Flame trap cleaned and sealed with a clamp. I also drilled a 1/8" hole in the center of the flame trap. (I've never had a backfire with this car and started to remove the trap all together but opted for the drill.)
Replaced small vac line from flame trap to downstream of throttle body (it was so soft the vac pull from the downstream side of the throttle body was closing the flow of air).
Cleaned the throttle body while still on (had to use a small mirror to check for build up areas, remember to hold the throttle open and clean the opposite side of throttle butterfly as best as you can). Cleaning the throttle caused the idle to increase a couple hundred RPM. I'm sure some lazier mechanics had previously increased the idle setting to coverup the need to clean the valve.

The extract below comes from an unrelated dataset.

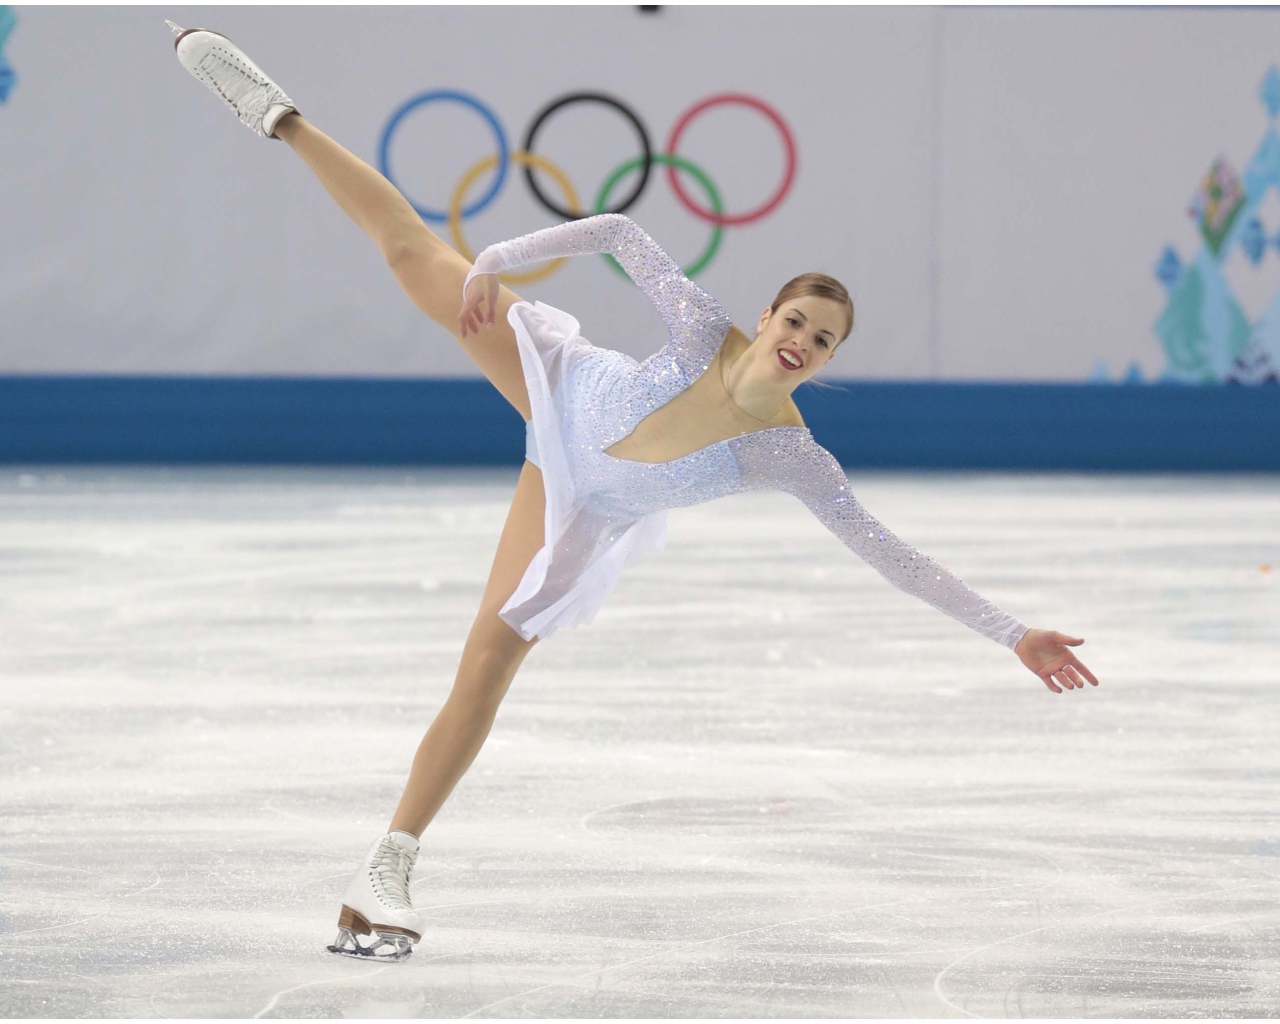 Italian skater Carolina Kostner at the Olympic Games in Sochi

The other thing that was creating havoc was the air box. There is a mechanic switch in it that directs air from either of two origins, 1) warm air from the exhaust manifold or 2) from he snorkle next to the right headlight. I removed the spring loaded position manipulator (it was stuck in the 'from the exhaust manifold position') to ensure only air from the cold air snorkle could enter (had to tape up the warm air entrance.
Once I did that I set the idle screw to between one quarter and a half turns past (into)just touching the stop. After that I set the distributor where the engine ran the best.
Minor things I did included cleaning all graound connections, new plug wires, rotor button and cap, battery connections cleaned, checked alternator, and taped and exposed wires (look around, there are probably at least two or three - if you clean everything you will run into them).
Hope this helps. The feeling you get when the damn thing runs great is, for me, worth the effort.